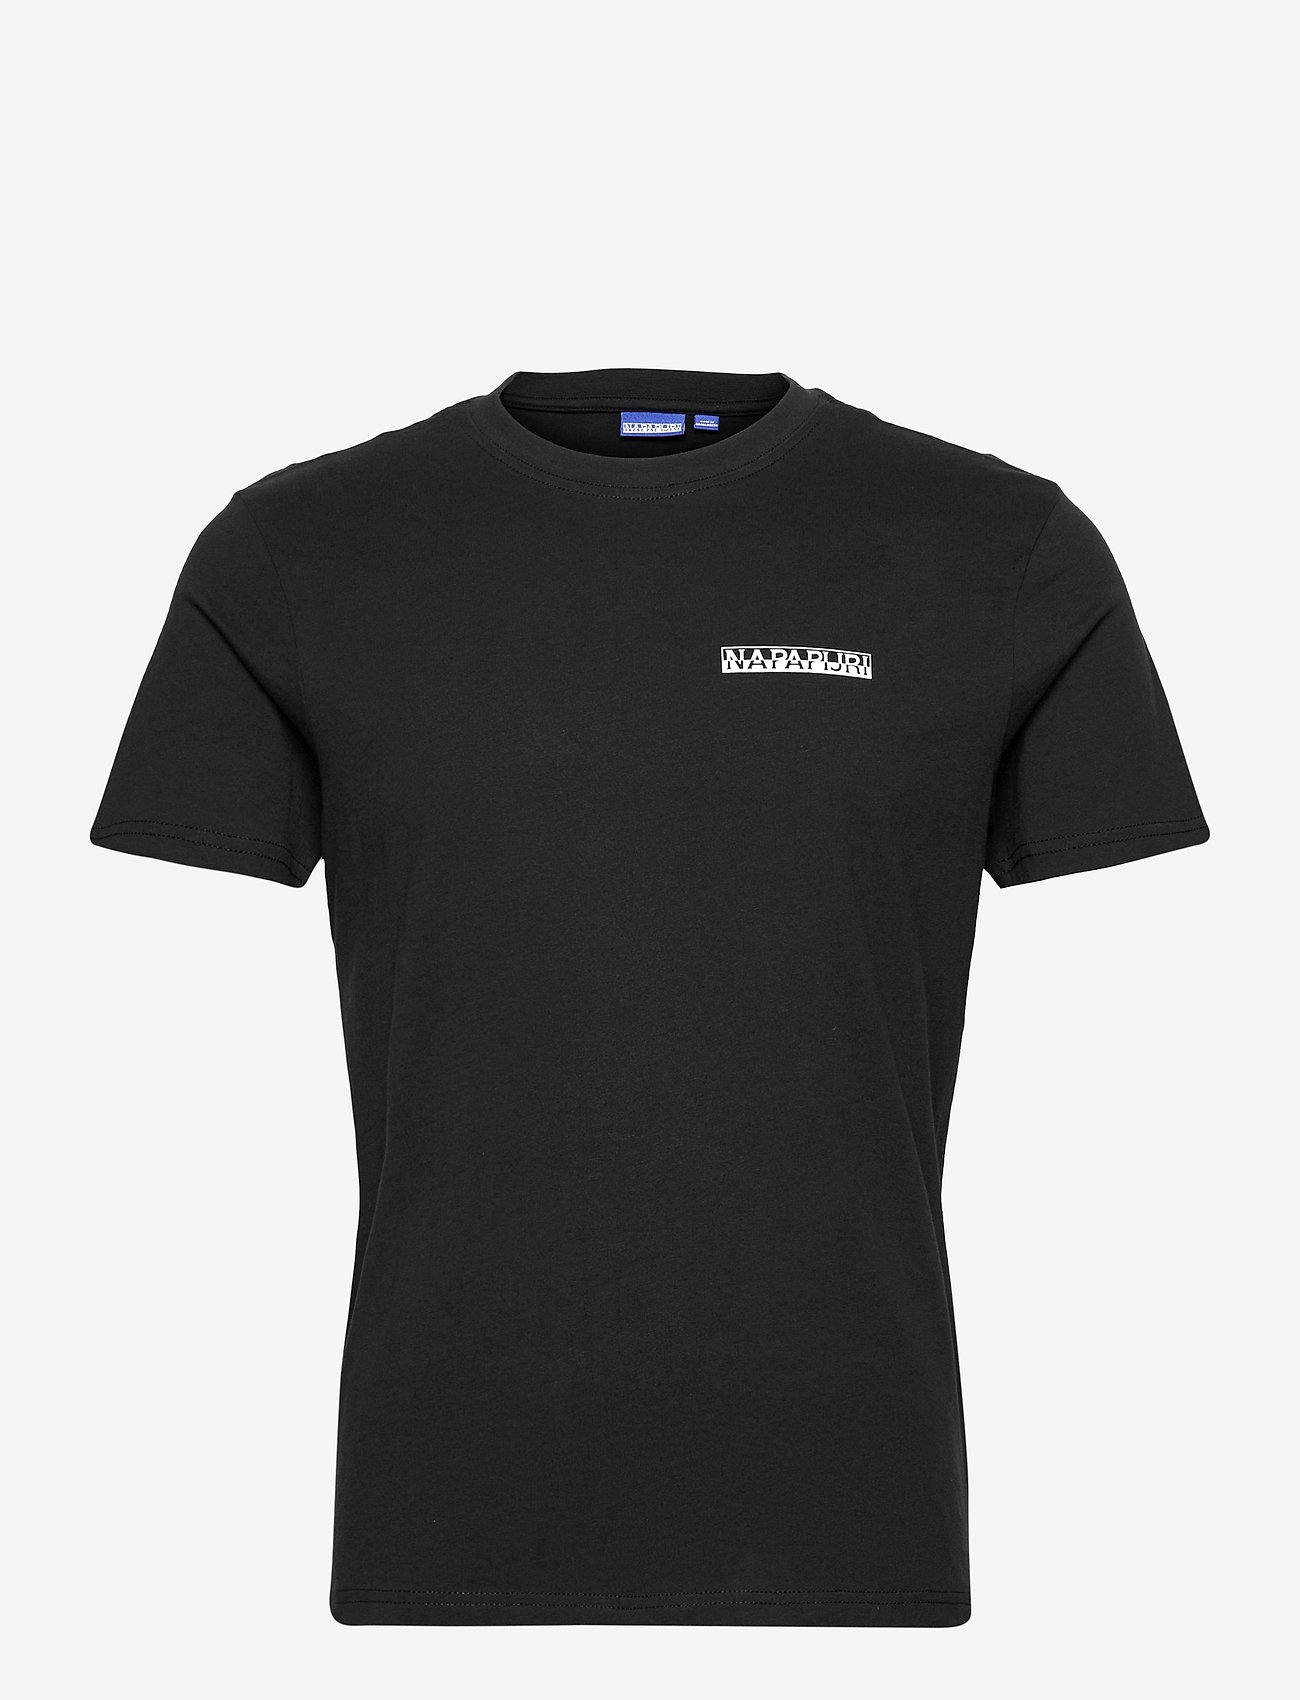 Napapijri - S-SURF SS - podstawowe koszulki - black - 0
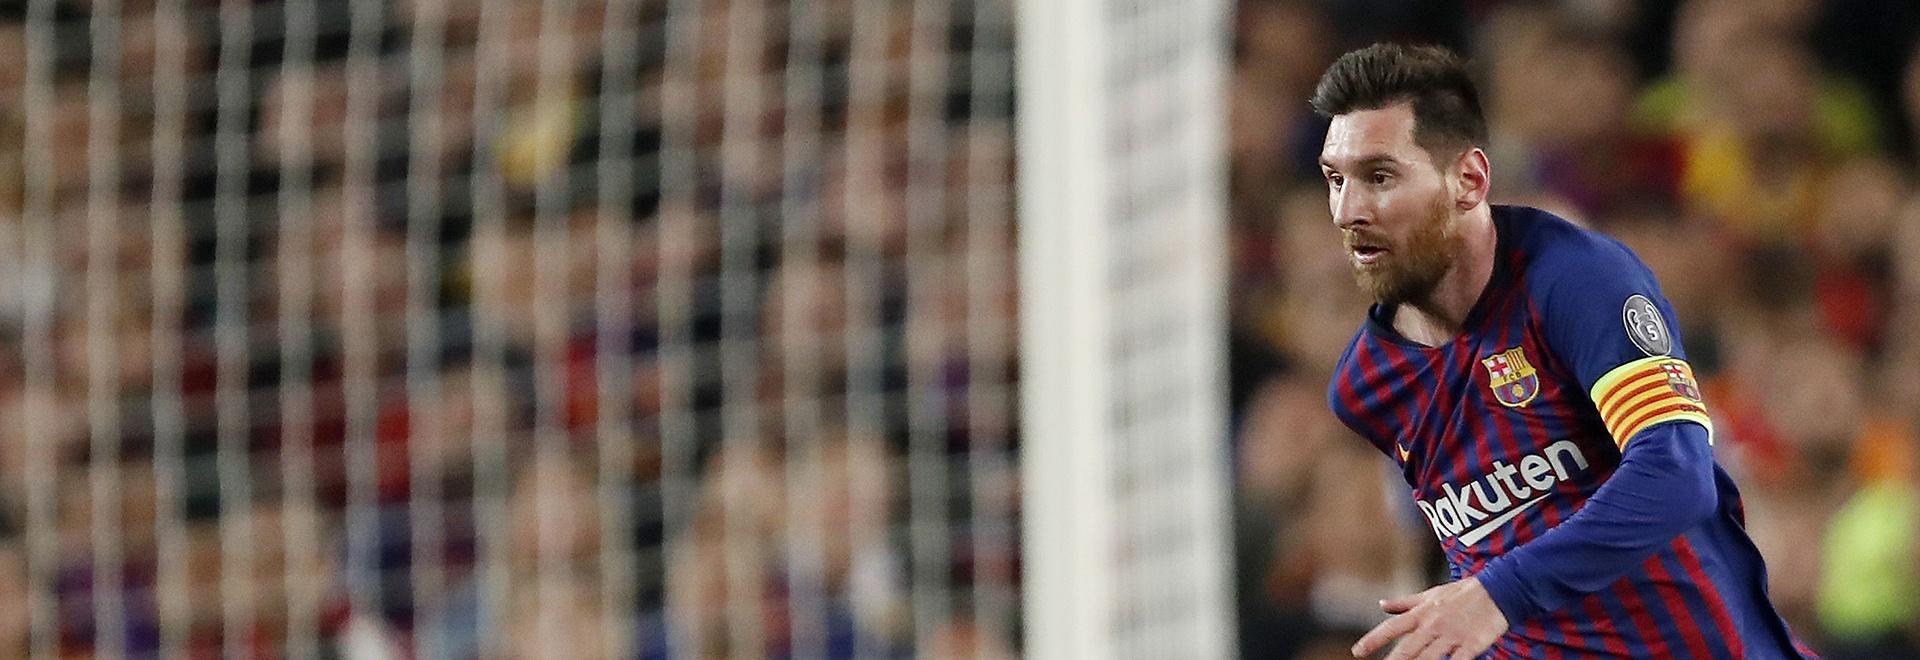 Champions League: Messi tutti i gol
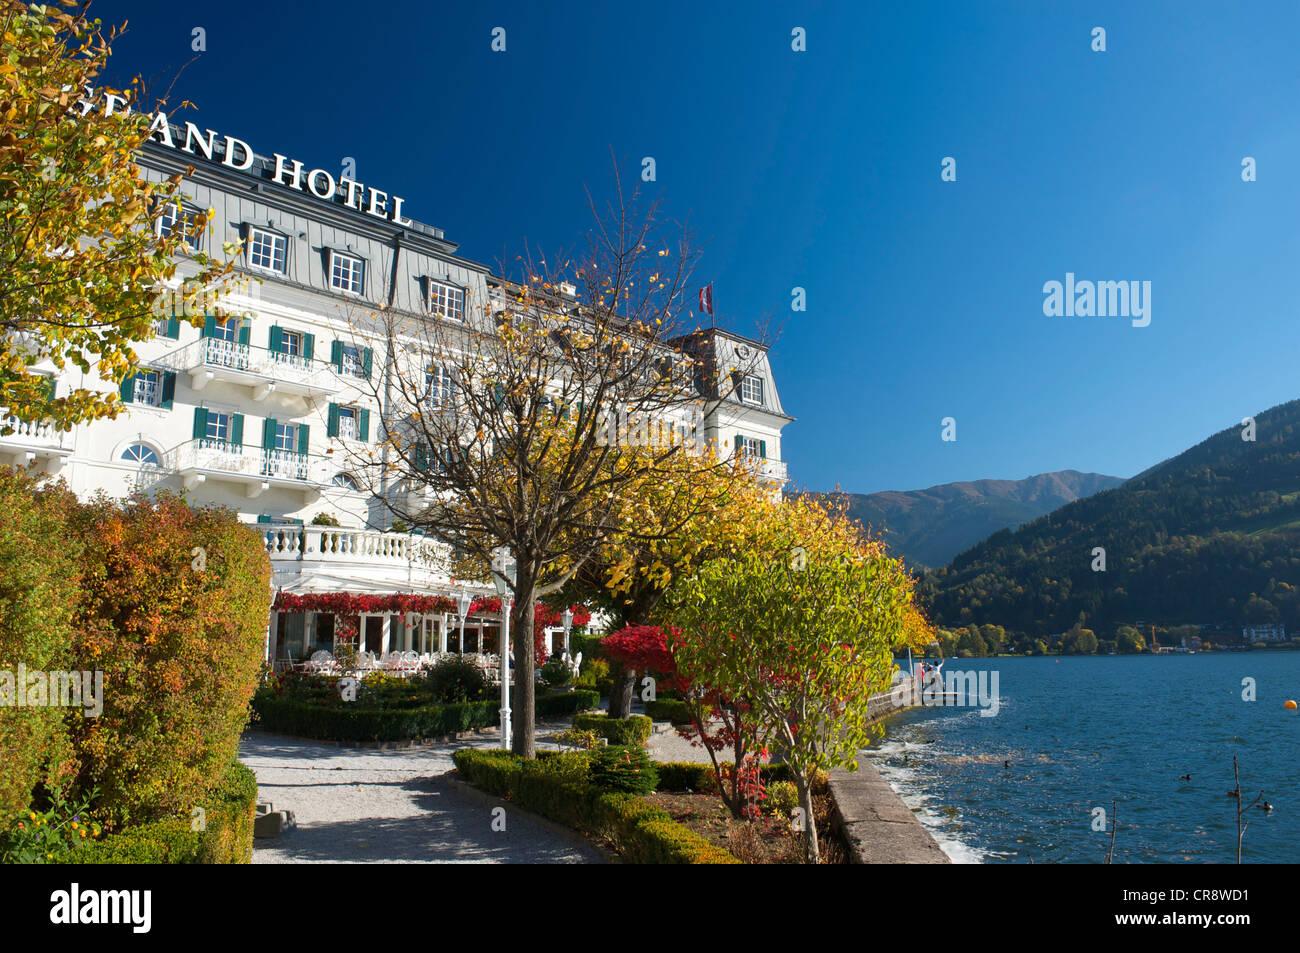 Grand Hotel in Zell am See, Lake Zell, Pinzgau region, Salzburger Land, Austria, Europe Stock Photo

_Task goal:_ Without the pictures, repeat the listing above exactly.

_Response to the exercise:_
 Napapijri - S-SURF SS - podstawowe koszulki - black - 0
 Champions League: Messi tutti i gol
 Grand Hotel in Zell am See, Lake Zell, Pinzgau region, Salzburger Land, Austria, Europe Stock Photo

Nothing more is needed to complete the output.